## [What the task asks]
Lines to return, exactly: from the line with "Golden Flake Pork" to the line with "jaeger-lecoultre-duometre-chronographe-q6011420-02.jpg" in the entries below, both included.
═══ Records shown ═══
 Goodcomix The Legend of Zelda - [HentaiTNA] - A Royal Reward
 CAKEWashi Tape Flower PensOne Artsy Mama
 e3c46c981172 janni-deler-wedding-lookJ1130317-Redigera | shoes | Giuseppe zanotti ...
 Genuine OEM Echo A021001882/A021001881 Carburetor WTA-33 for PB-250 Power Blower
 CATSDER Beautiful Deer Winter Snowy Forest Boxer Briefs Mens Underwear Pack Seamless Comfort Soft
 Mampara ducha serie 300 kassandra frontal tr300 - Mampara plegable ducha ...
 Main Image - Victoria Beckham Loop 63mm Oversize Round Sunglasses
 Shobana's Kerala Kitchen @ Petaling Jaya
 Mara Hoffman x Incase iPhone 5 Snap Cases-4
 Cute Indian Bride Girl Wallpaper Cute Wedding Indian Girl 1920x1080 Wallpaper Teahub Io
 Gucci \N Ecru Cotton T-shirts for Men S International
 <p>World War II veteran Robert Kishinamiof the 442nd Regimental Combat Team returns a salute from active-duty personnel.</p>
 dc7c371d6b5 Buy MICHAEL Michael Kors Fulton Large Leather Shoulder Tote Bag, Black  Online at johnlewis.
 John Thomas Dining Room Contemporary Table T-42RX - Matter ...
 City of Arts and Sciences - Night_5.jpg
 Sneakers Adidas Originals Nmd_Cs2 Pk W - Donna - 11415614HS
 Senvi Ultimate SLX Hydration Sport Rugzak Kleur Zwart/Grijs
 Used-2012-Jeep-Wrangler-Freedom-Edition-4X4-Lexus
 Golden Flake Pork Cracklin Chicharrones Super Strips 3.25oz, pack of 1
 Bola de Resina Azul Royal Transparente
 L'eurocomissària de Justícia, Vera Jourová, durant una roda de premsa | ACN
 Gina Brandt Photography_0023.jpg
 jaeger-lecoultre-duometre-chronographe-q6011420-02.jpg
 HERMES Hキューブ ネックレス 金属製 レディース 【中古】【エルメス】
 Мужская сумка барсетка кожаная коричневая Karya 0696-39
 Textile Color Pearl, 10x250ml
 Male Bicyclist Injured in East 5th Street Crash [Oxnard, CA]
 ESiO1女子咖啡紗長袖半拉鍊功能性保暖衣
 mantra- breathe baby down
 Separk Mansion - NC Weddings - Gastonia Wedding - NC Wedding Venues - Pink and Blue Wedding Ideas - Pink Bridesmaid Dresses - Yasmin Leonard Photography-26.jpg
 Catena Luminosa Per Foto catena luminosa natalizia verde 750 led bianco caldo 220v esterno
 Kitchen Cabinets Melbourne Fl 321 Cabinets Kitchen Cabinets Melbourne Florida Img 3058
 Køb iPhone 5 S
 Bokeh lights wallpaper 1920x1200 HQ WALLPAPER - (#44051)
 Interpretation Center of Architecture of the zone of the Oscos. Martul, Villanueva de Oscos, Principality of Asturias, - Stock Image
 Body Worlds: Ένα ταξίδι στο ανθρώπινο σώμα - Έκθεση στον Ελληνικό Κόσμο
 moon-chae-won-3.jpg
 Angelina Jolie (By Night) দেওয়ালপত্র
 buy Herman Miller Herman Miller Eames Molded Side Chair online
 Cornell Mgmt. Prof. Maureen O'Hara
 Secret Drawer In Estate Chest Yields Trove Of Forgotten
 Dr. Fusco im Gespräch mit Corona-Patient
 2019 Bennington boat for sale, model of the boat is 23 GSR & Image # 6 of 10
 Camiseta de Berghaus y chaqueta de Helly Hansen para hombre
═══
## [Answer section]
 Golden Flake Pork Cracklin Chicharrones Super Strips 3.25oz, pack of 1
 Bola de Resina Azul Royal Transparente
 L'eurocomissària de Justícia, Vera Jourová, durant una roda de premsa | ACN
 Gina Brandt Photography_0023.jpg
 jaeger-lecoultre-duometre-chronographe-q6011420-02.jpg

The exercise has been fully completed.